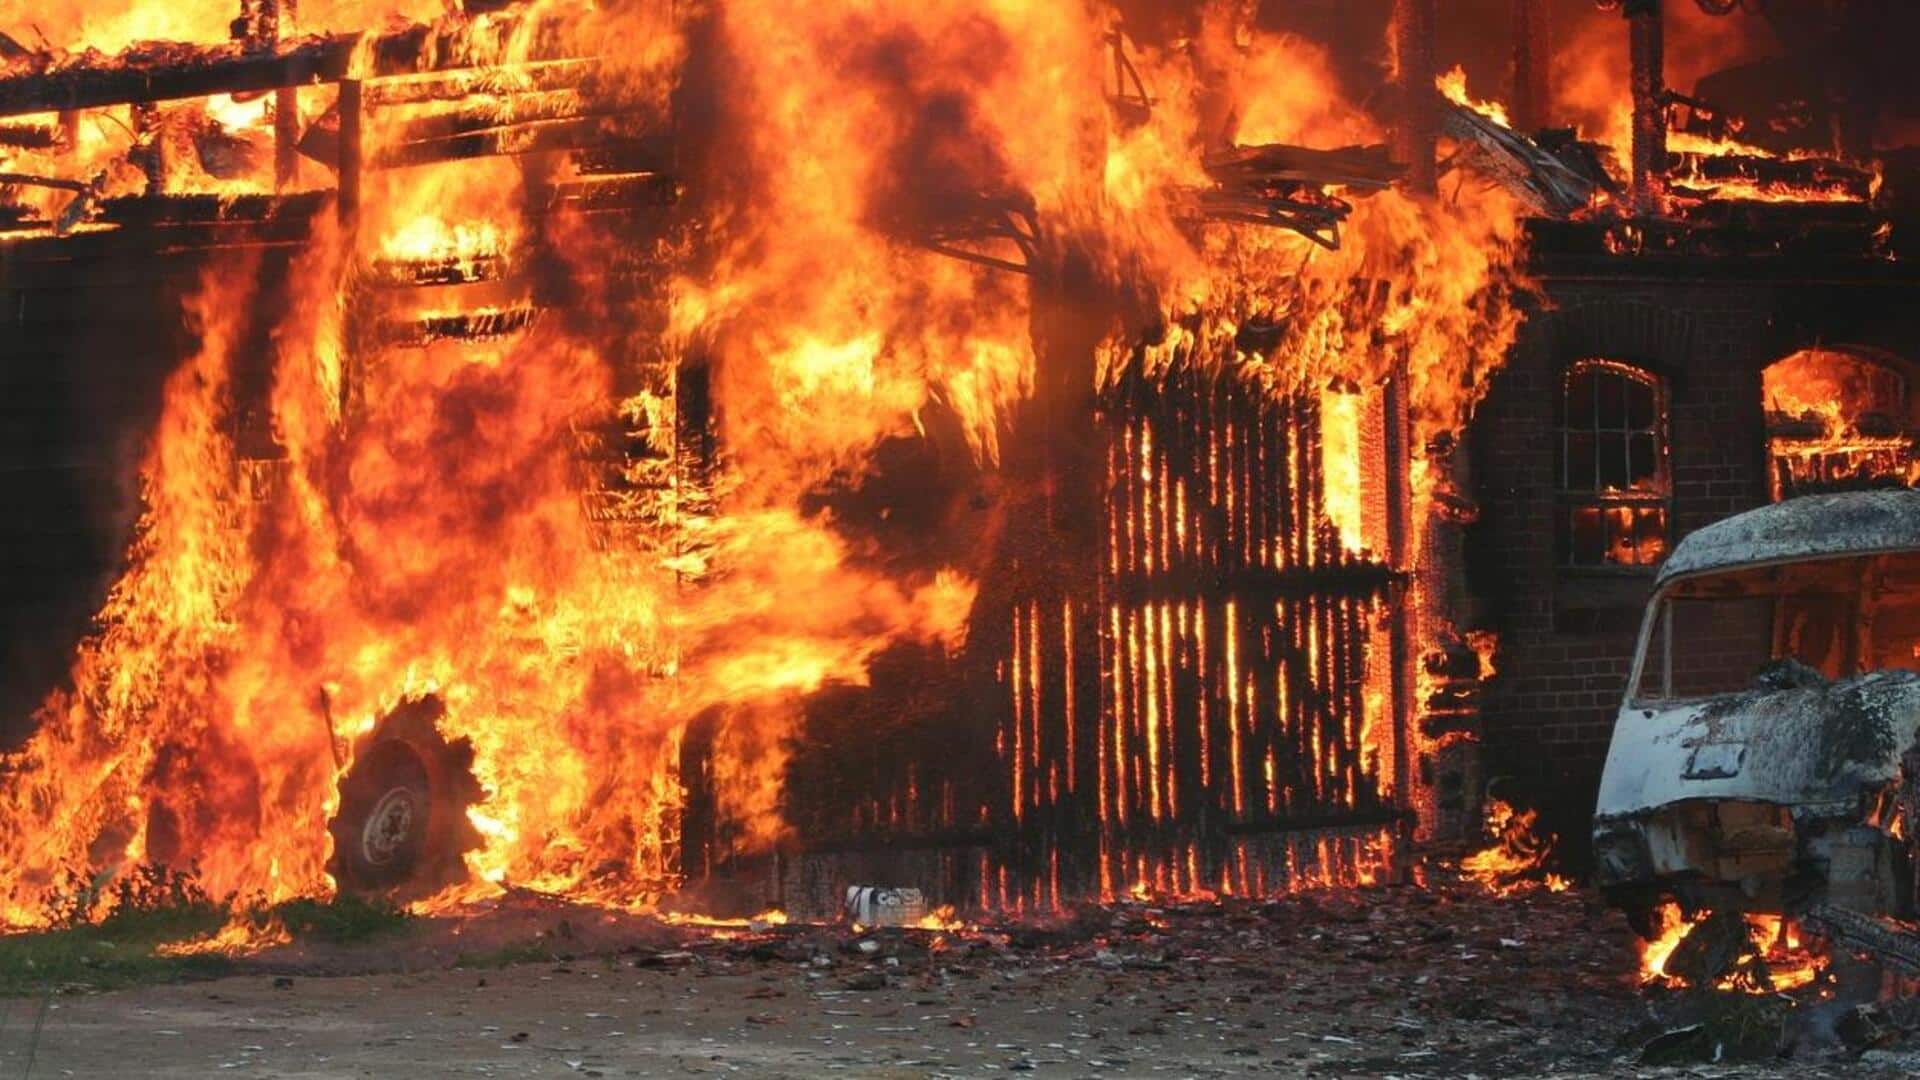 तेलंगाना: हैदराबाद के 4 मंजिला अपार्टमेंट में लगी भीषण आग, 7 की जलकर मौत
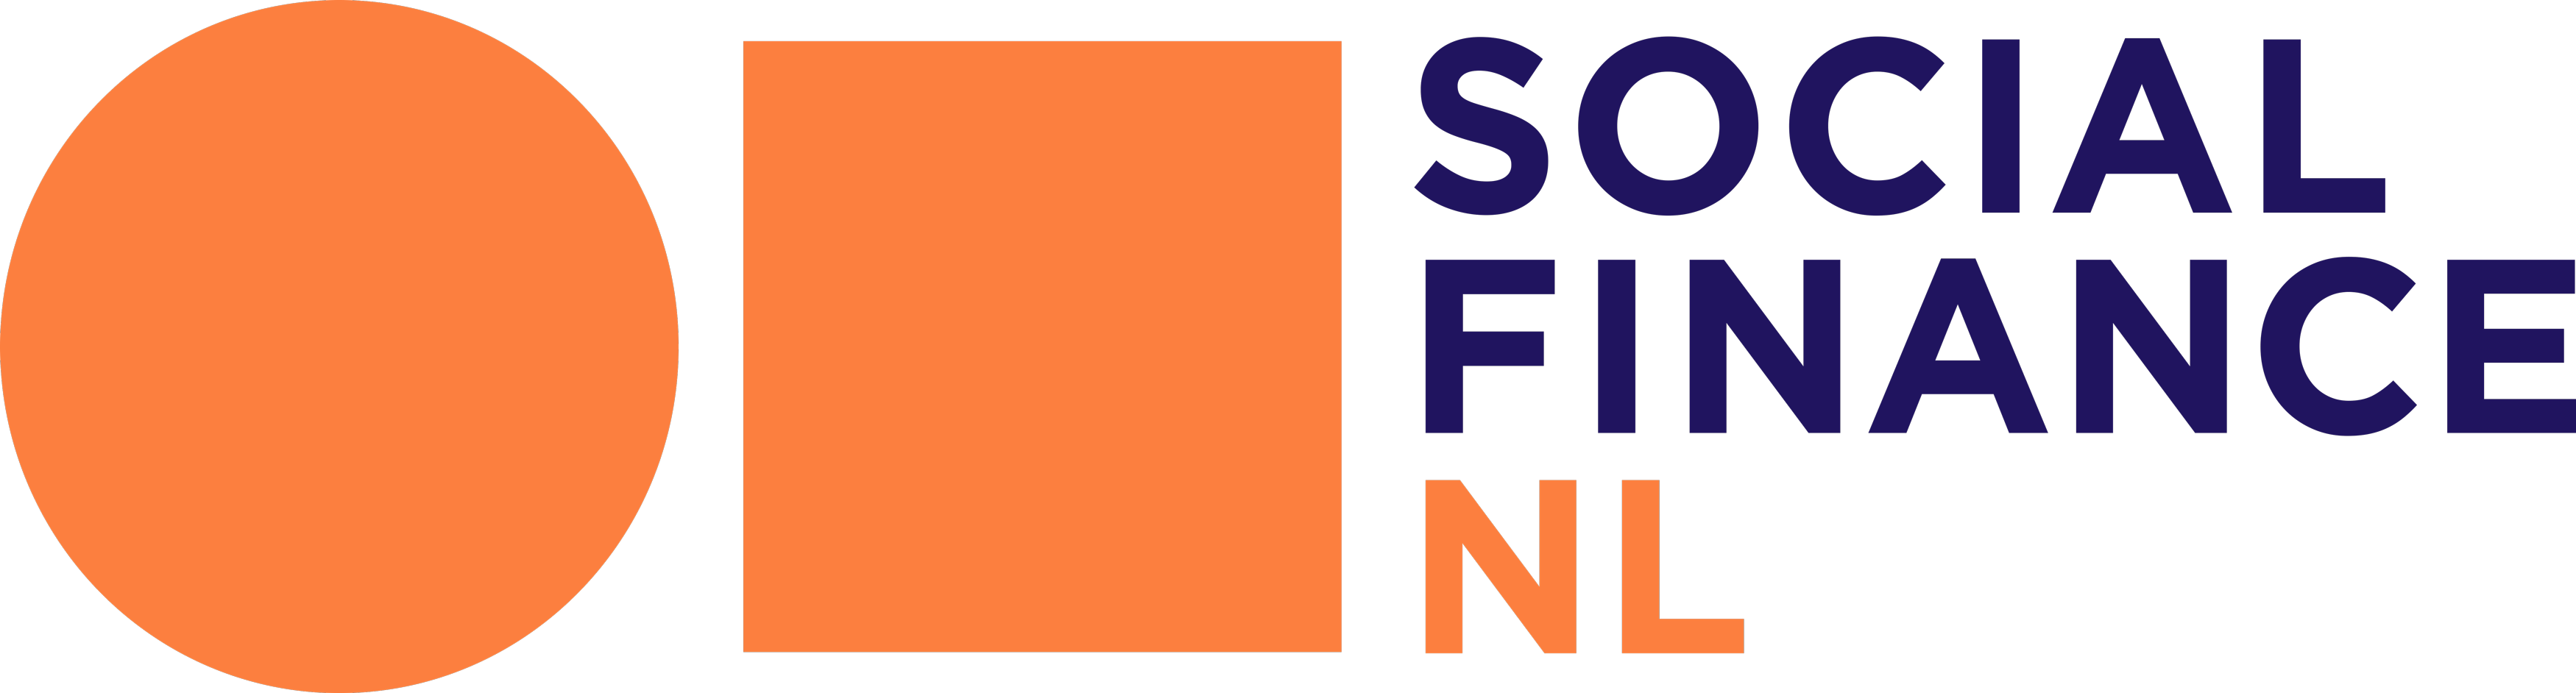 Social finance NL
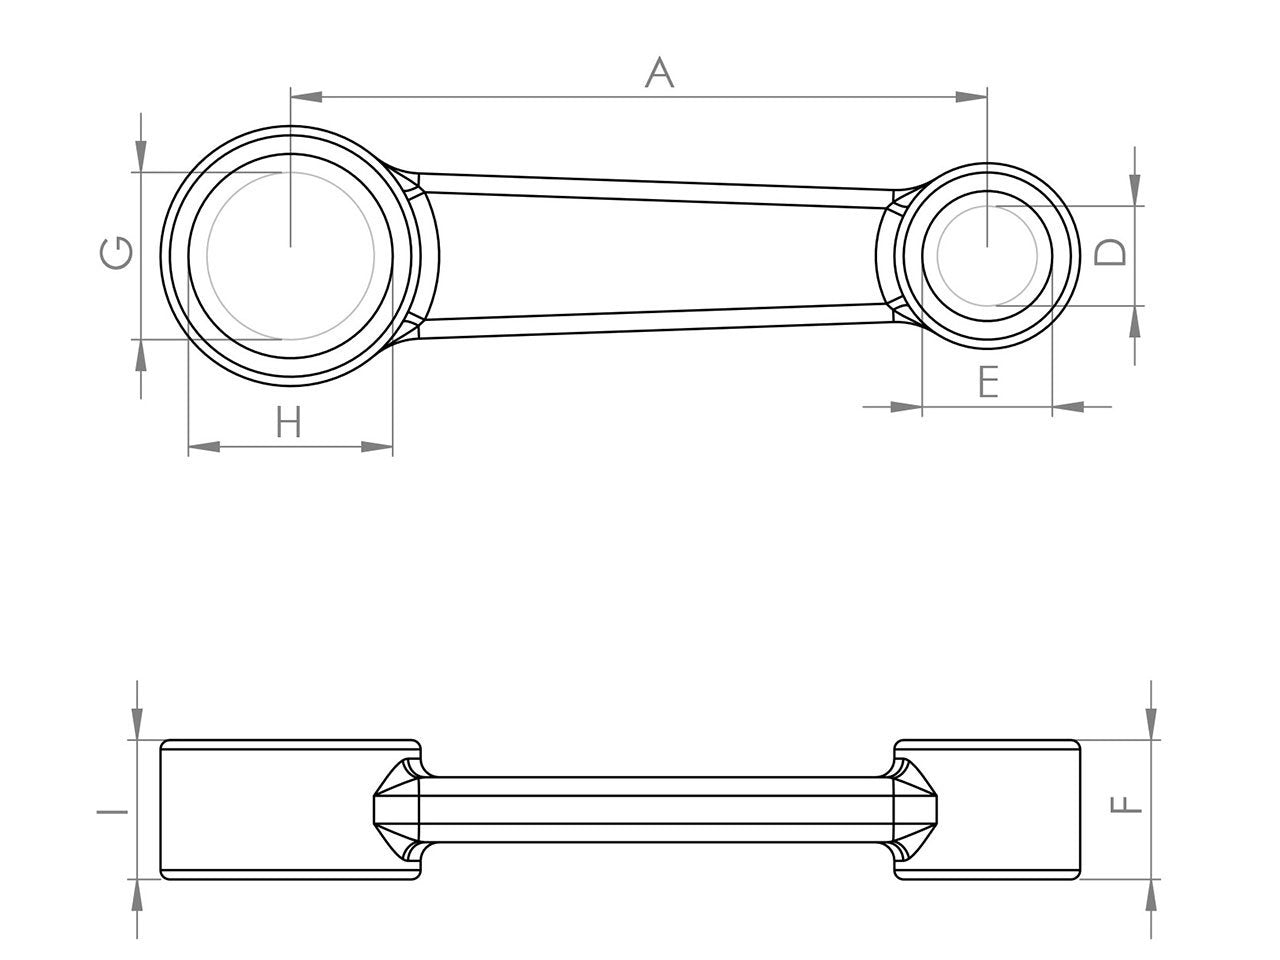 Zeichnung Barikit Pleuel für einen Peugeot Jet Force Roller Motor mit Bemaßung.
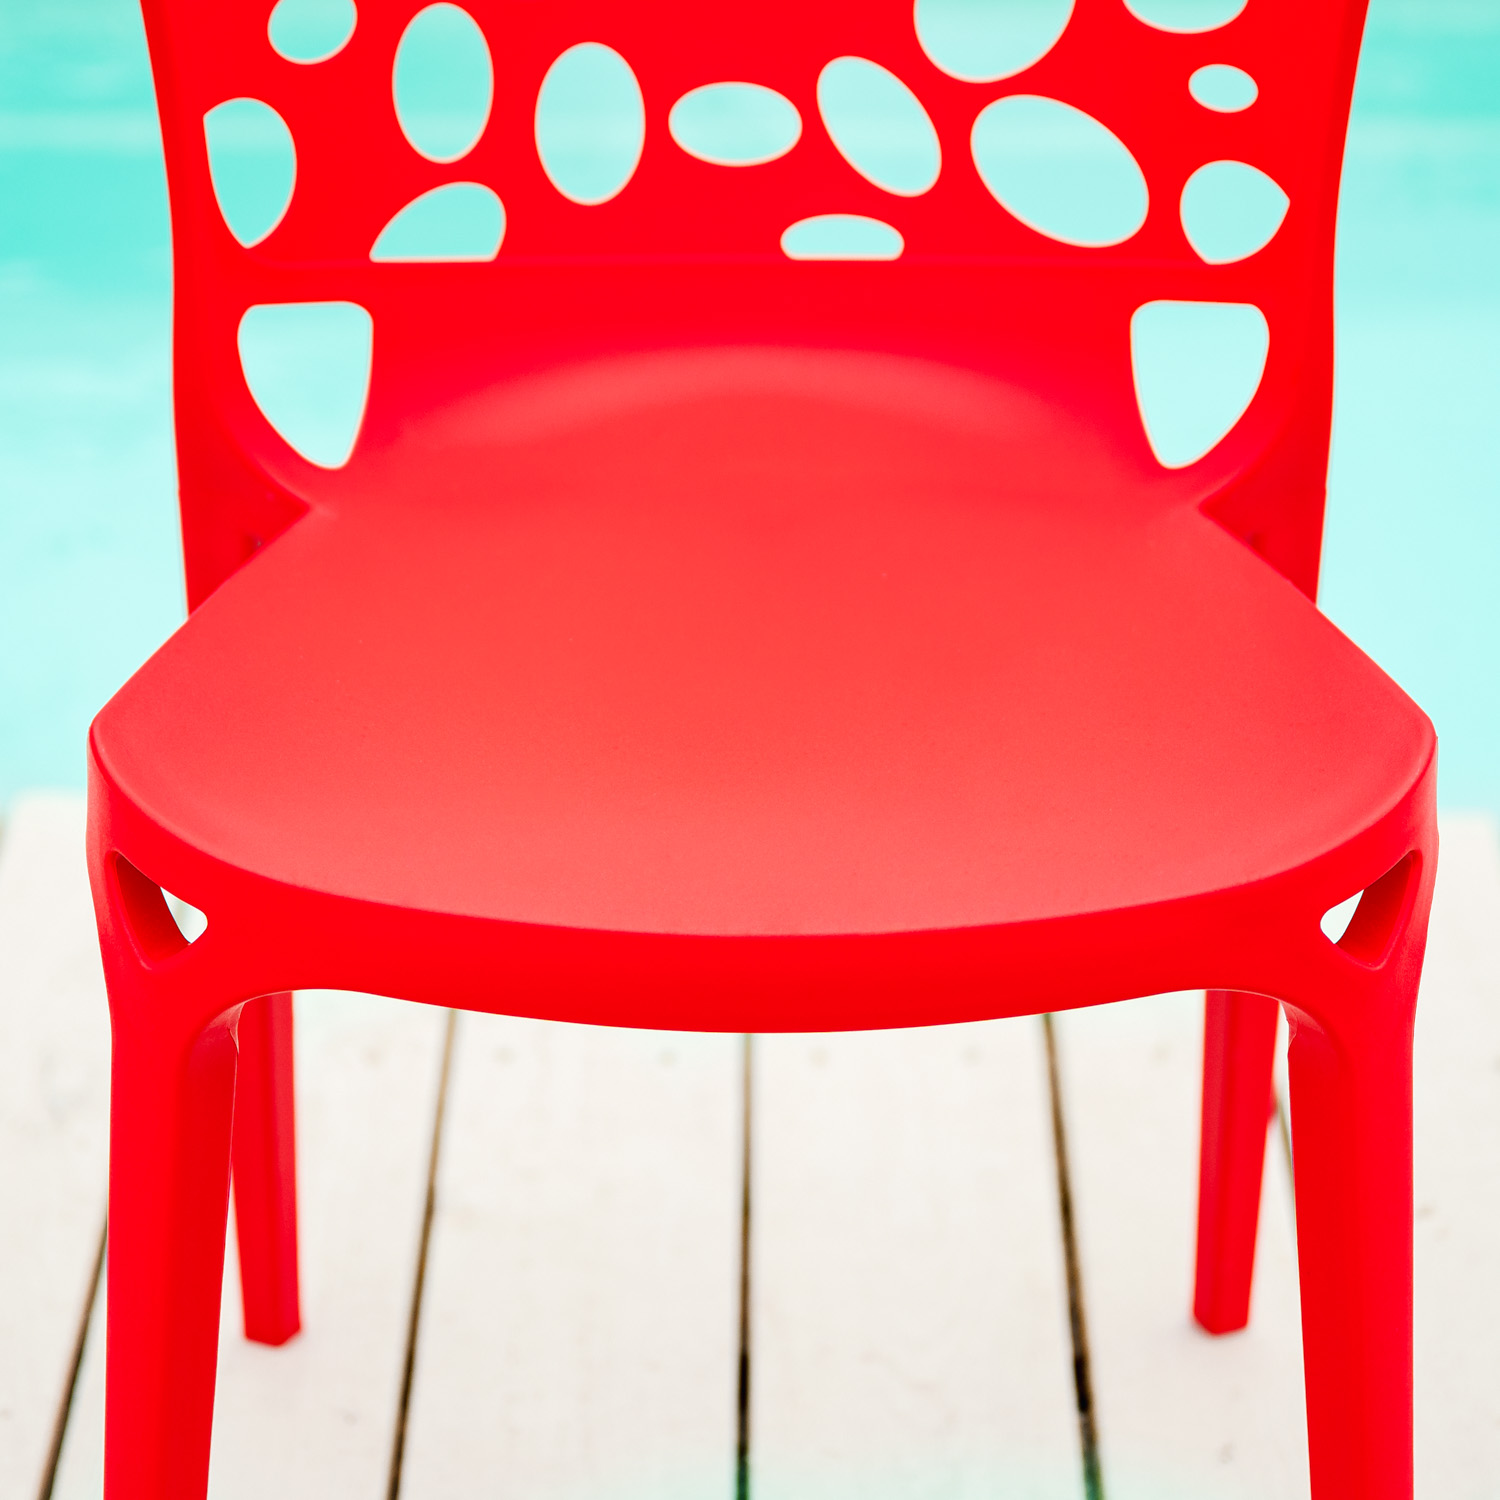 Gartenstuhl 4er Set Modern Rot Stühle Küchenstühle Kunststoff Stapelstühle Balkonstuhl Outdoor-Stuhl

### Work request
Reproduce exactly, and only, the lines that begin at the one containing "Zeichnung Barikit Pleuel" and end with the final line of the data, both included, while omitting every picture.

### Response area
 Zeichnung Barikit Pleuel für einen Peugeot Jet Force Roller Motor mit Bemaßung.
 Gartenstuhl 4er Set Modern Rot Stühle Küchenstühle Kunststoff Stapelstühle Balkonstuhl Outdoor-Stuhl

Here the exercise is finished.